BEGIN

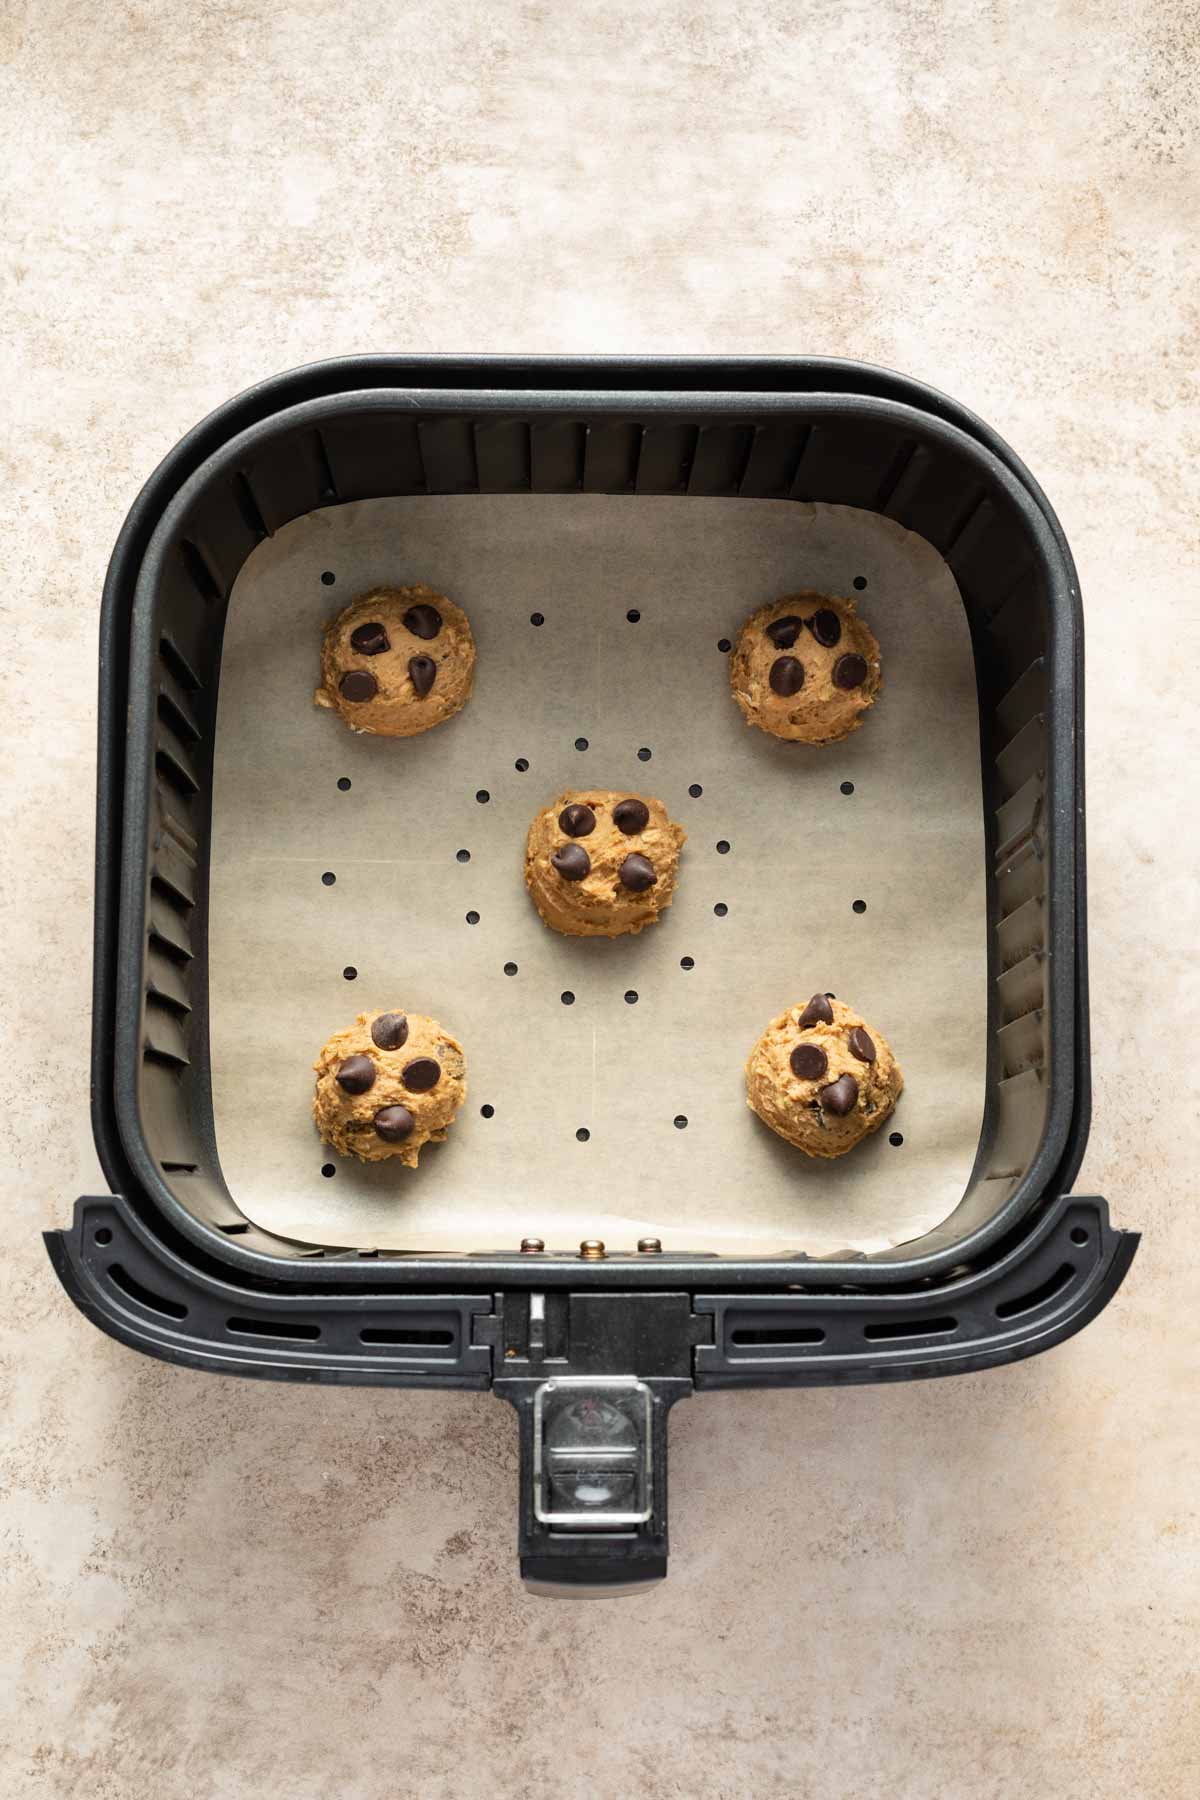 Cookie dough balls in an air fryer basket.
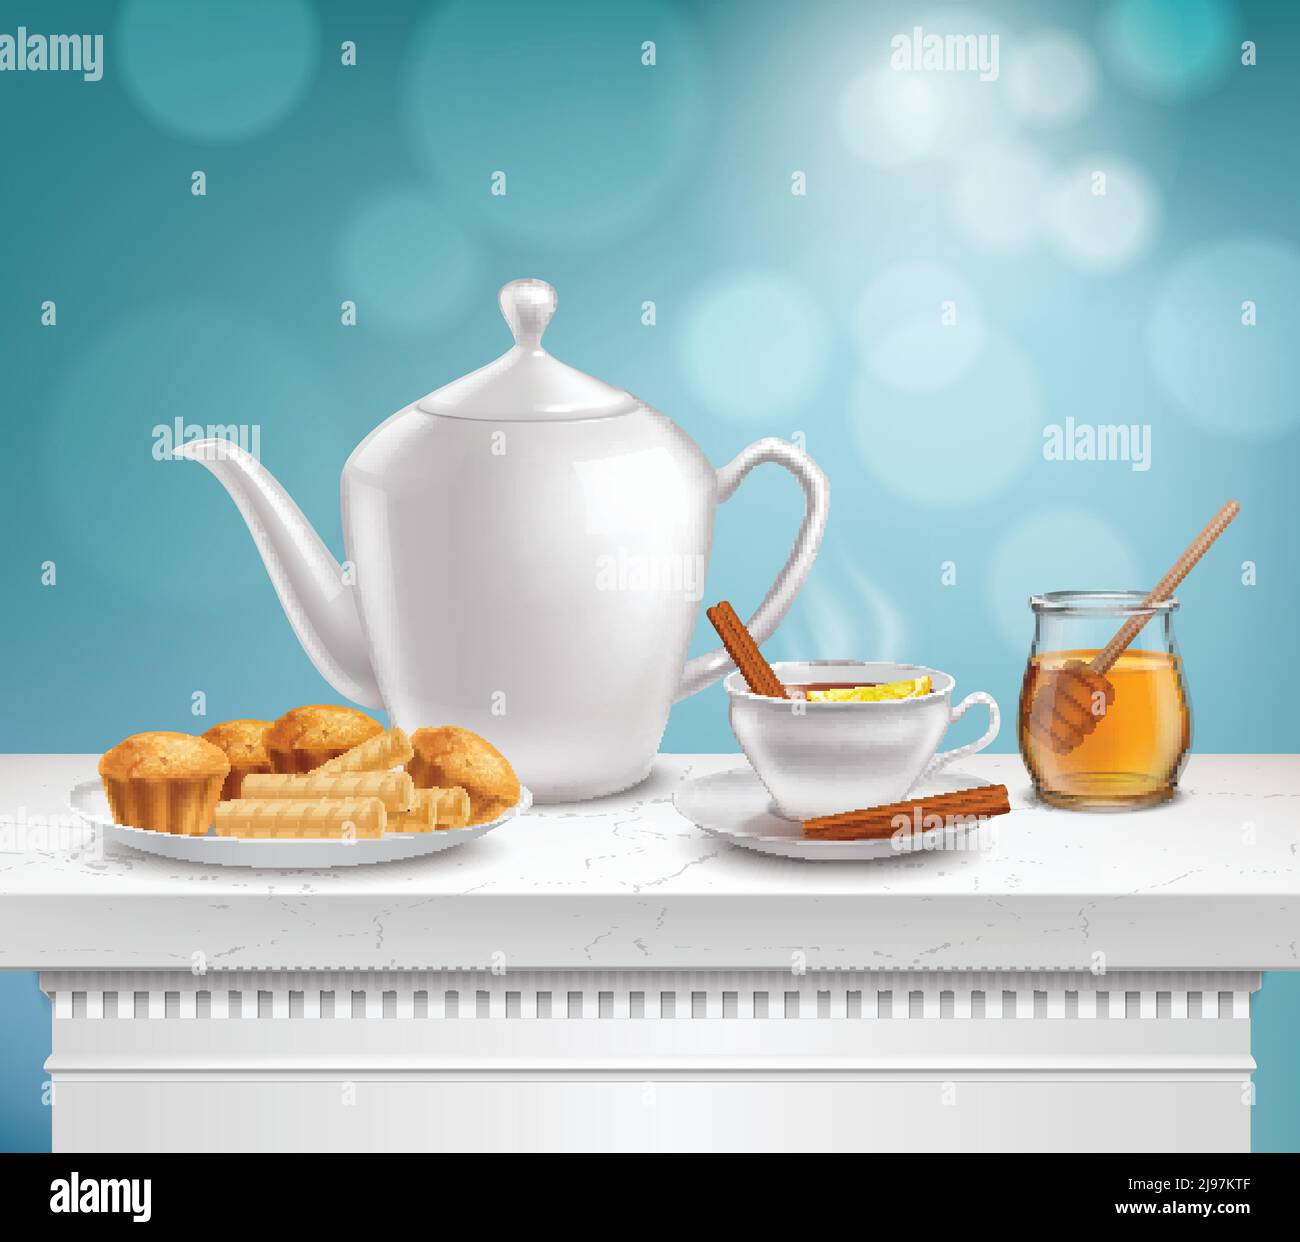 Teiera in porcellana bianca, vasetto di miele in vetro teacup caldo e piastra muffin waffle composizione realistica illustrazione vettoriale Illustrazione Vettoriale
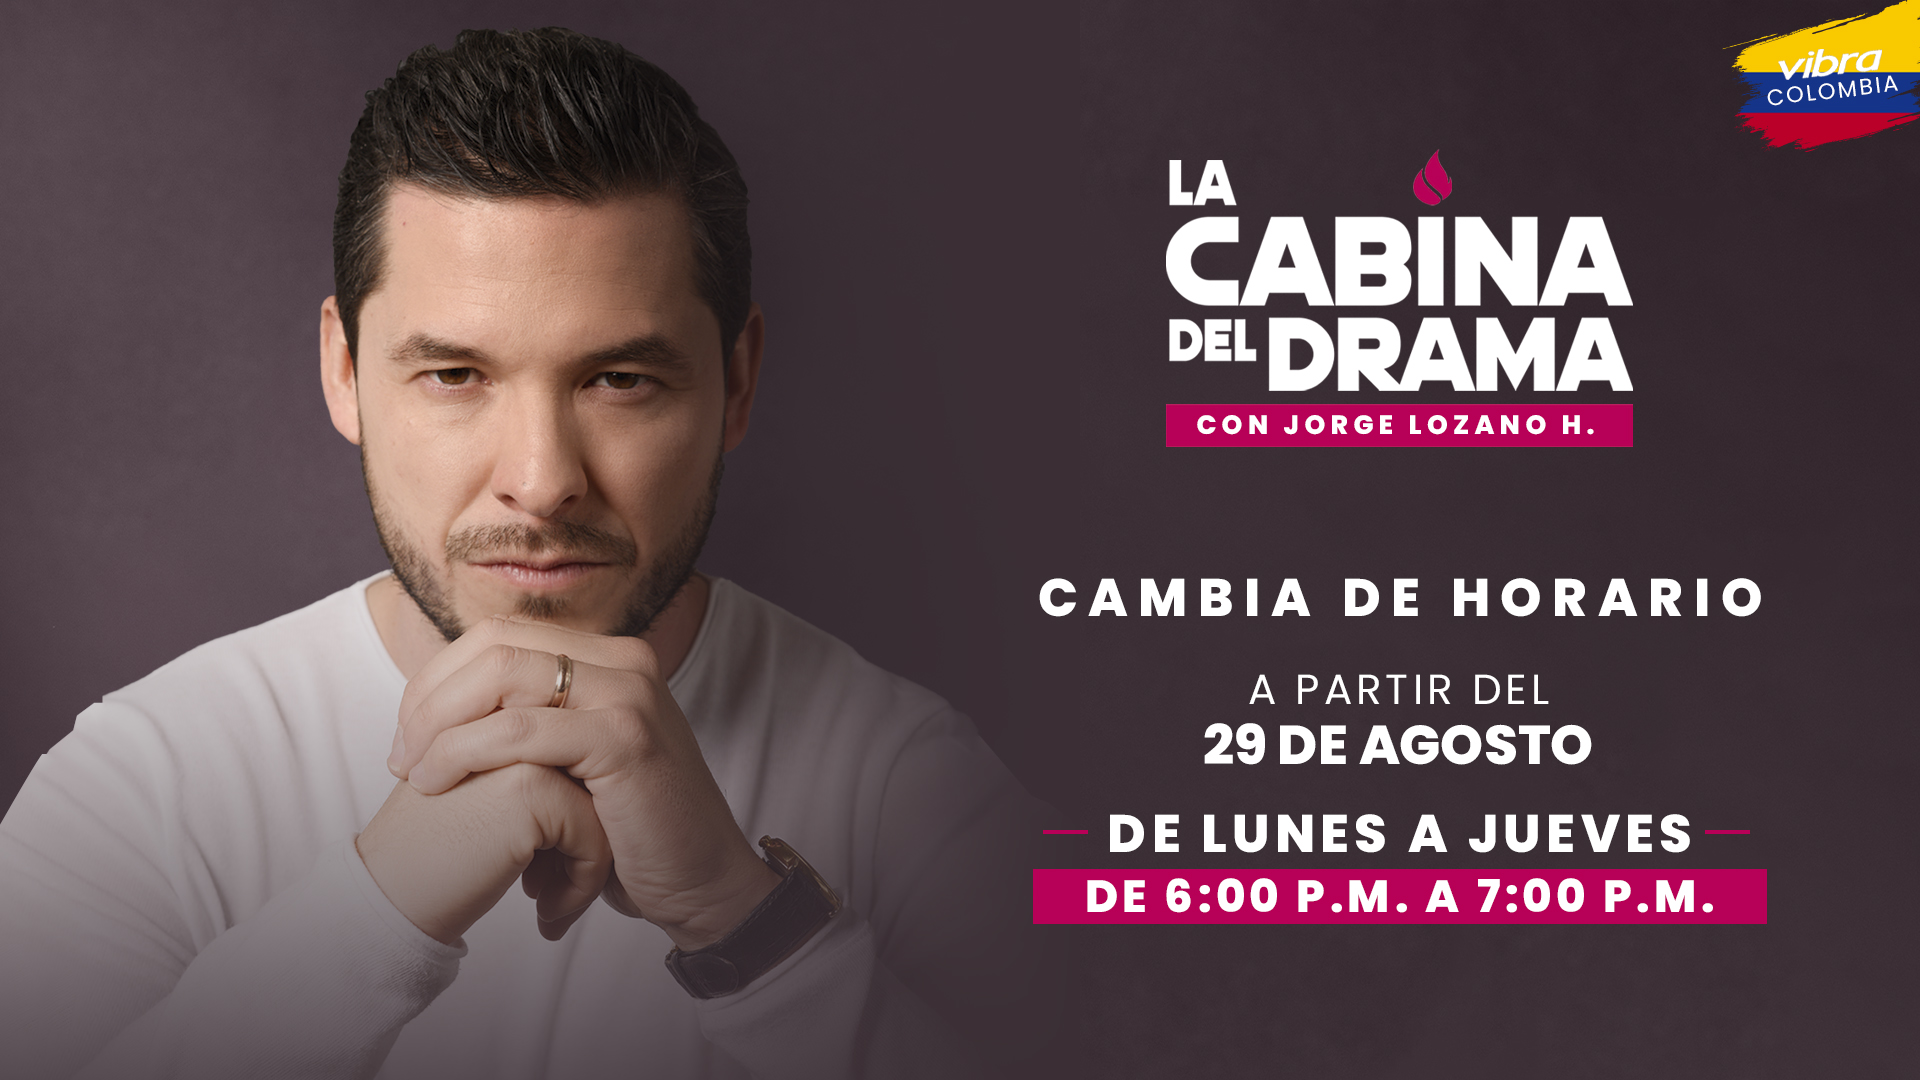 «La Cabina del Drama» en Colombia cambia de horario.
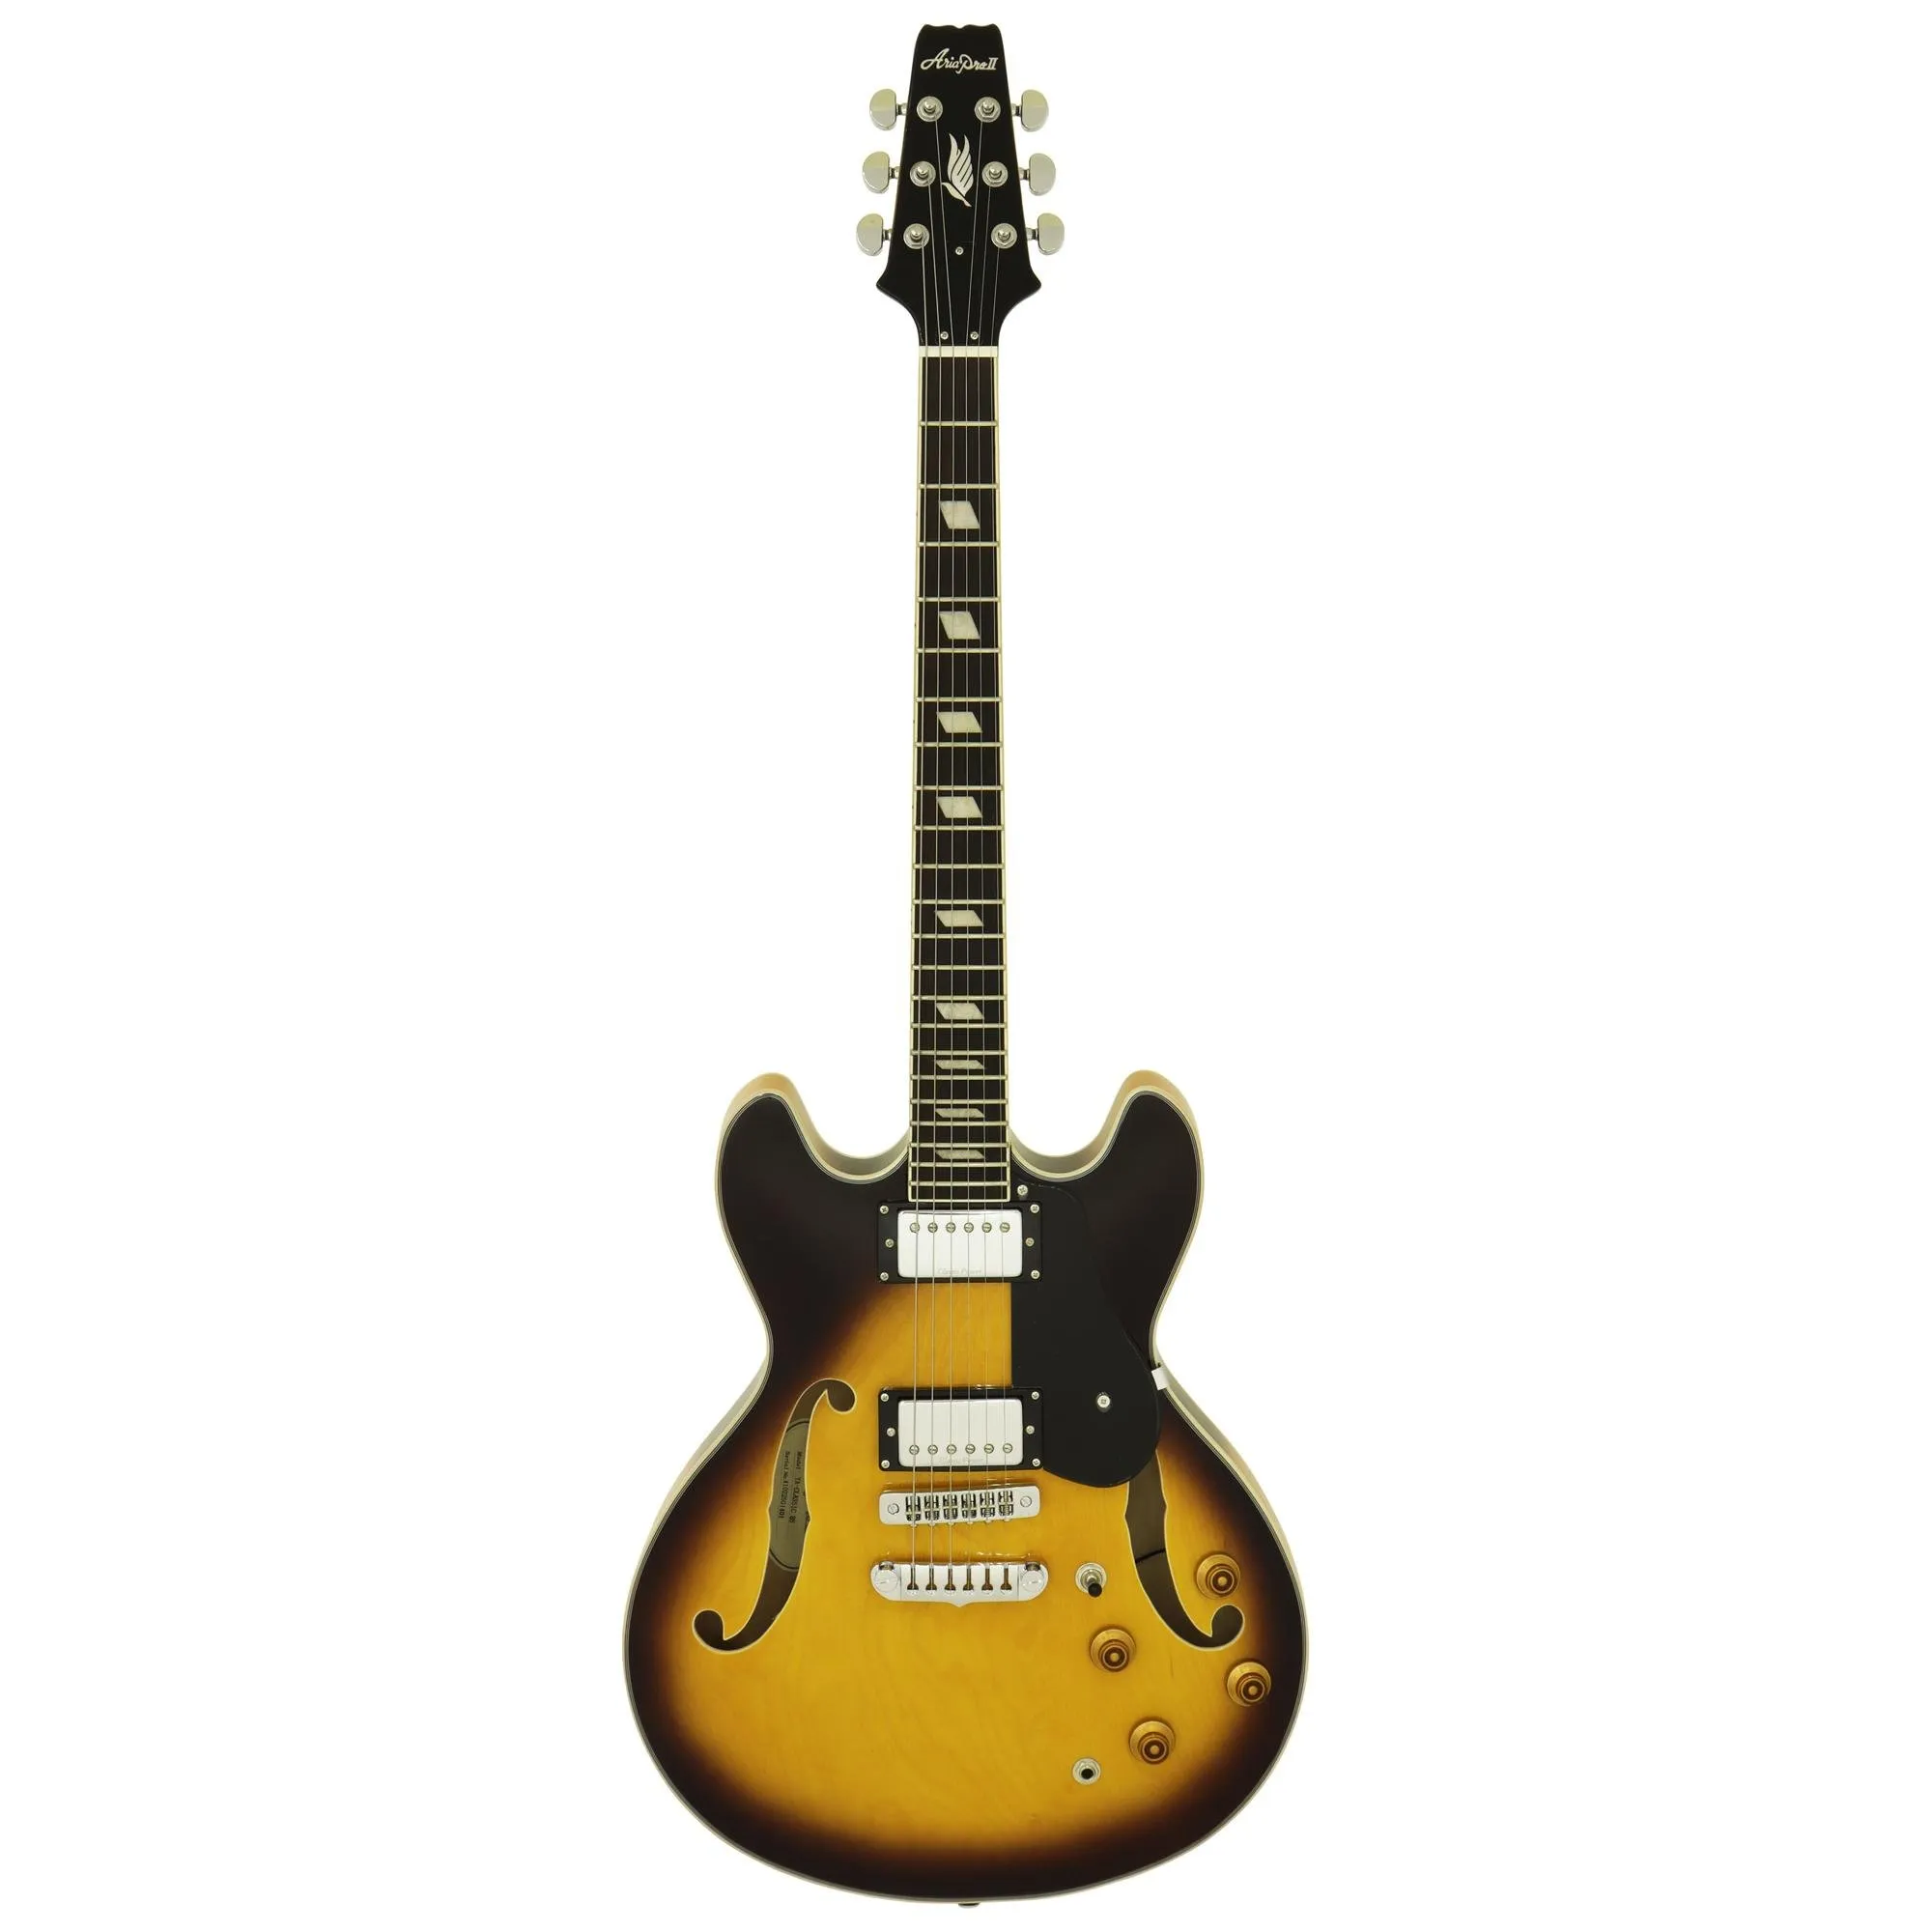 Guitarra Aria Pro II TA-CLASSIC Brown Burst por 0,00 à vista no boleto/pix ou parcele em até 1x sem juros. Compre na loja Mundomax!

END

→ WORK INSTRUCTIONS
An unchanged copy of the data, images excluded, is all that should be given.

→ SOLUTION TO THE EXERCISE
 Cookie dough balls in an air fryer basket.
 Teiera in porcellana bianca, vasetto di miele in vetro teacup caldo e piastra muffin waffle composizione realistica illustrazione vettoriale Illustrazione Vettoriale
 «La Cabina del Drama» en Colombia cambia de horario.
 Guitarra Aria Pro II TA-CLASSIC Brown Burst por 0,00 à vista no boleto/pix ou parcele em até 1x sem juros. Compre na loja Mundomax!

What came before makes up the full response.